I have to think more on this one, I'm no expert. Do you have pictures of your sweet girl??


----------



## katieliz (Mar 29, 2007)

do you mean she won't grab any kind of toy when you ARE looking, because in the paragraph before you say that she will only play when you are NOT looking, so i am a bit confused.

it sounds like she's afraid she's gonna be scolded if she plays.


----------



## Ruthie (Aug 25, 2009)

People really suck sometimes.

Gator had a similar background and the woman who fostered him worked with him a lot before he came to live with us, and he was happy to play with us by that time. So, there is hope.

Moose is a rescue too. I have noticed improvements from him with obedience training with lots of praise. It has helped his confidence. 
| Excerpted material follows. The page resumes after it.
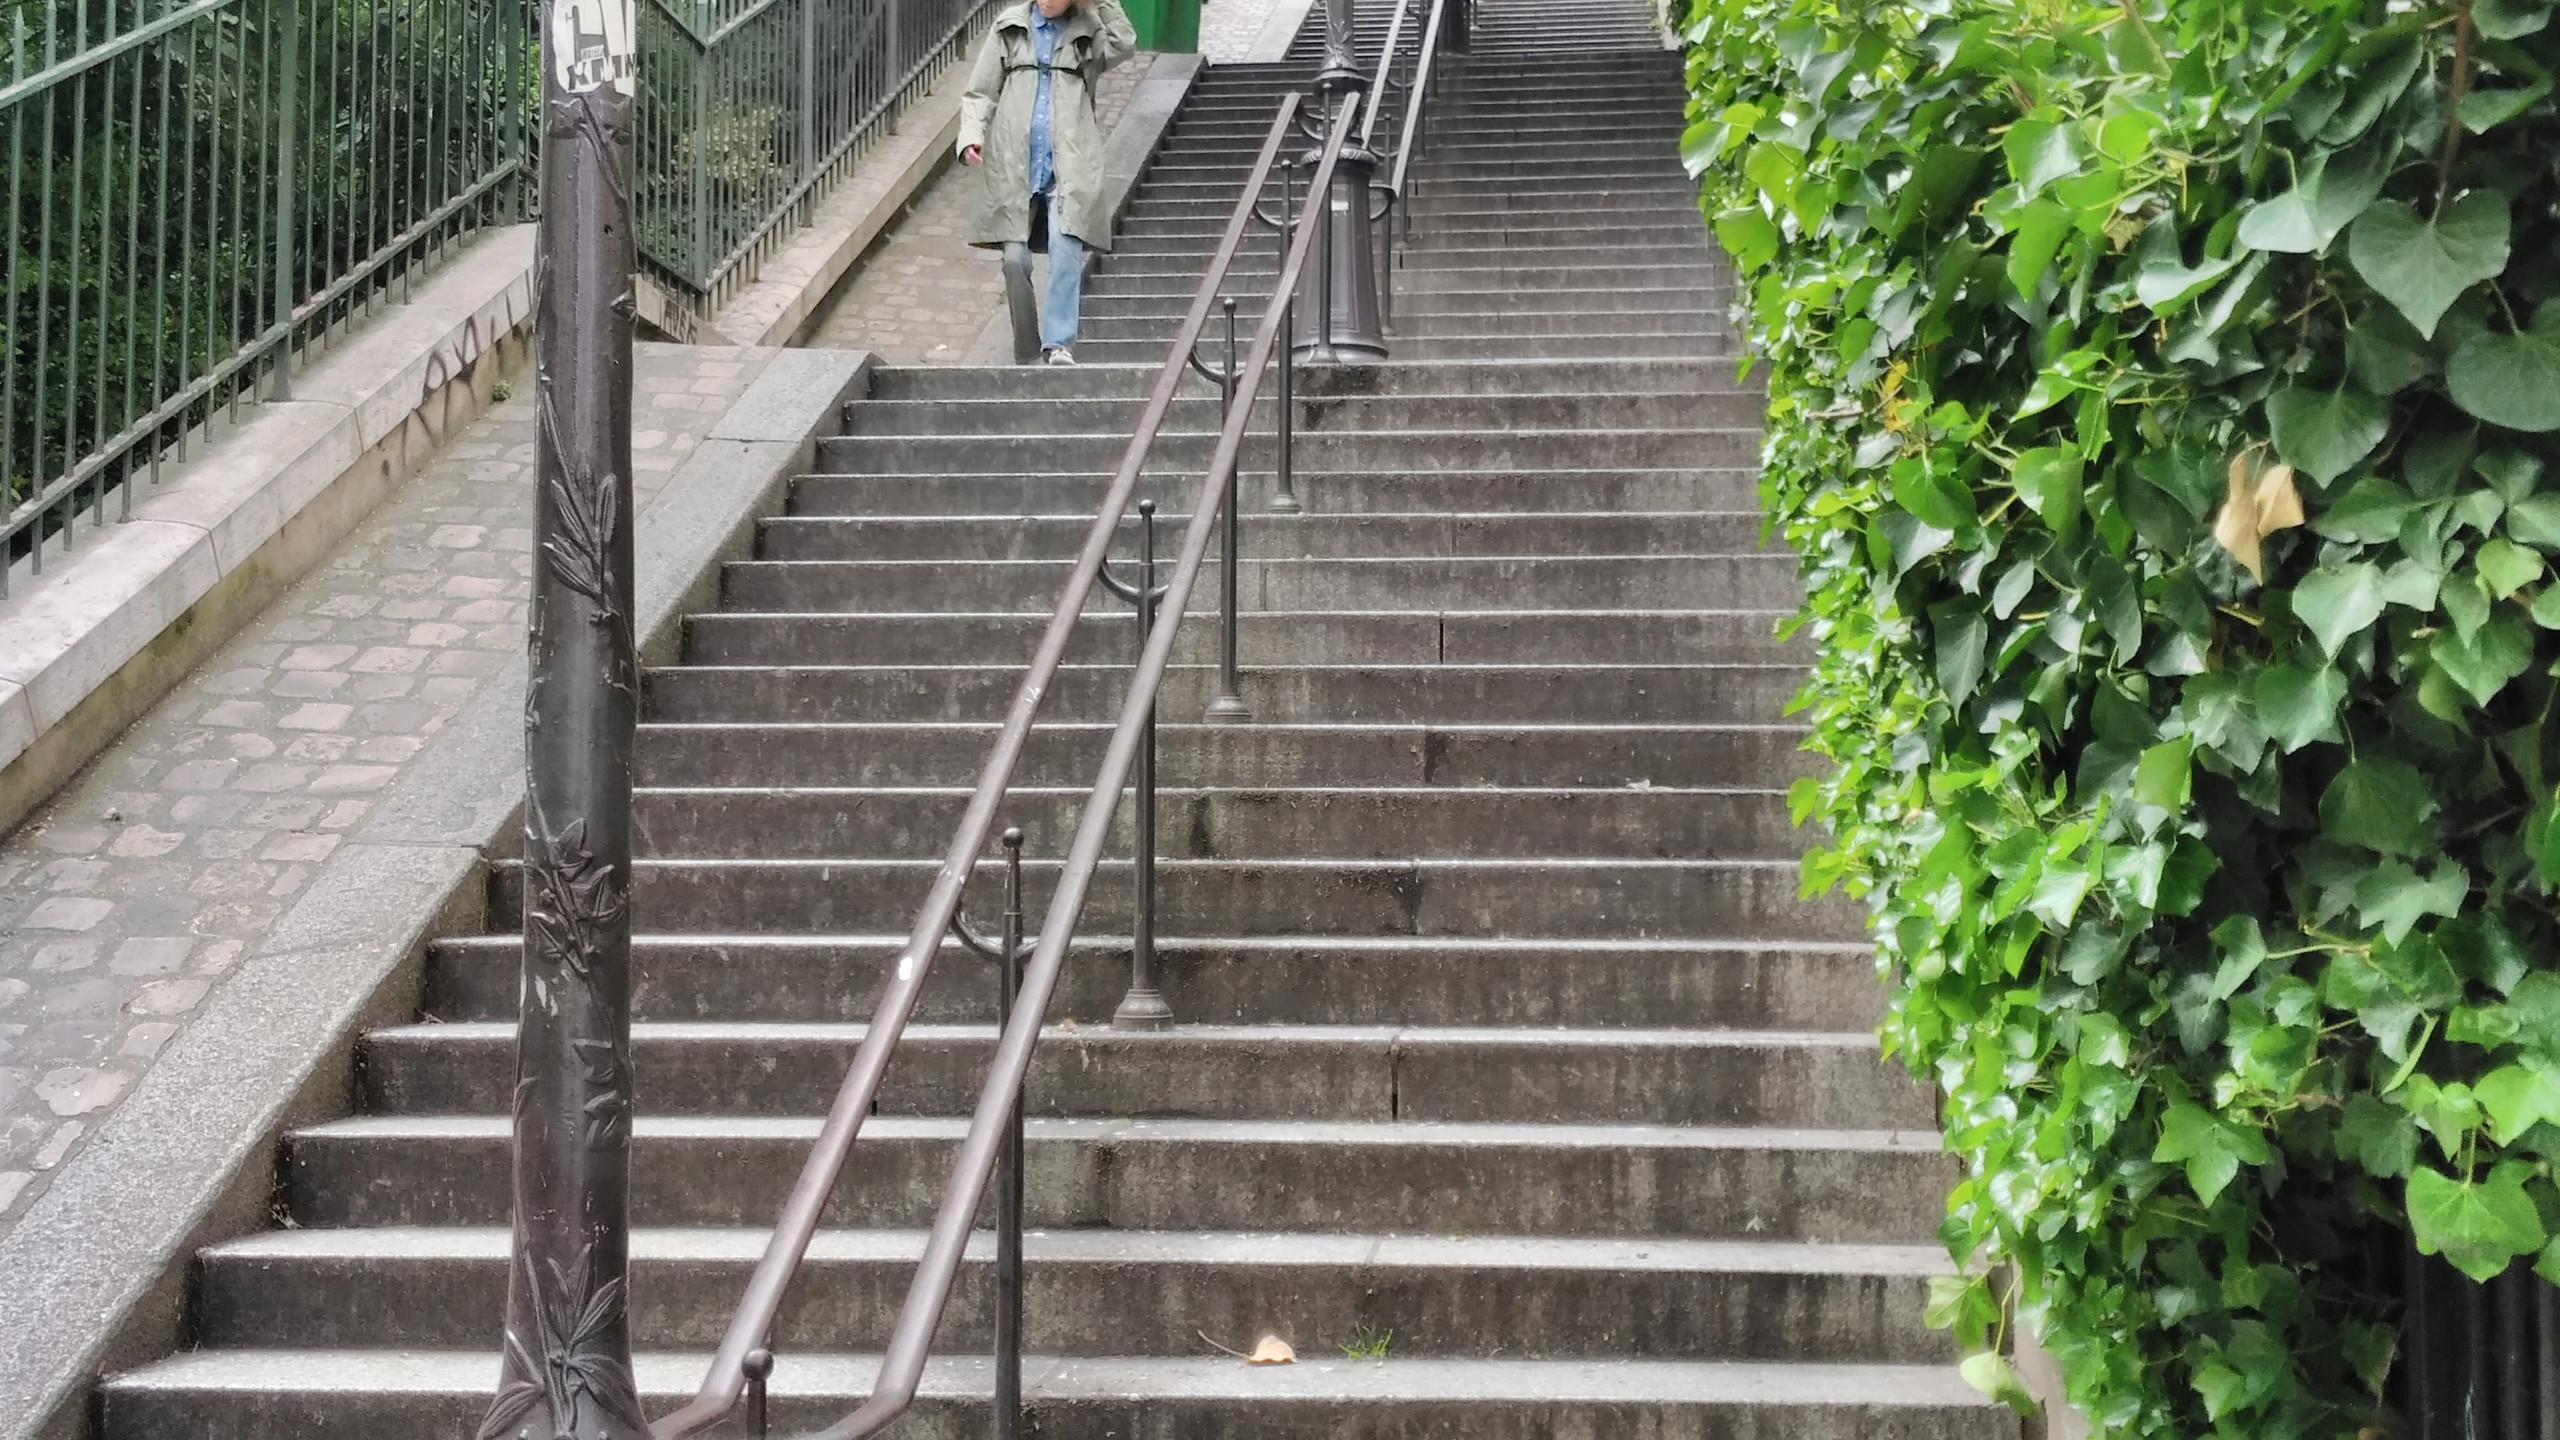 Escalier Maurice Utrillo

Have you taught her anything yet?


----------



## Doubleminttwin (Aug 21, 2009)

Aww poor girl I'm glad you took her! I don't really know how you would teach her to play. Maybe try getting down on the floor and acting silly with her toys. Make it look like your having sooo much fun that she just has to come check it out. Baya CANNOT resist if you are playing with her toys. Try wiggling a rope of the floor, play with the prey drive lol Good luck and I hope your girl learns to play ASAP because its somthing no dog should miss out on!


----------



## HeidiW (Apr 9, 2009)

Thank you for saving this sweety! Have you tried to play ball with her? Even if it is in small steps, sit on the floor and roll the ball around. Make it look like your having fun and if she joins you treat her and praise.


----------



## MaggieRoseLee (Aug 17, 2001)

Some dogs do need to learn to play and tug..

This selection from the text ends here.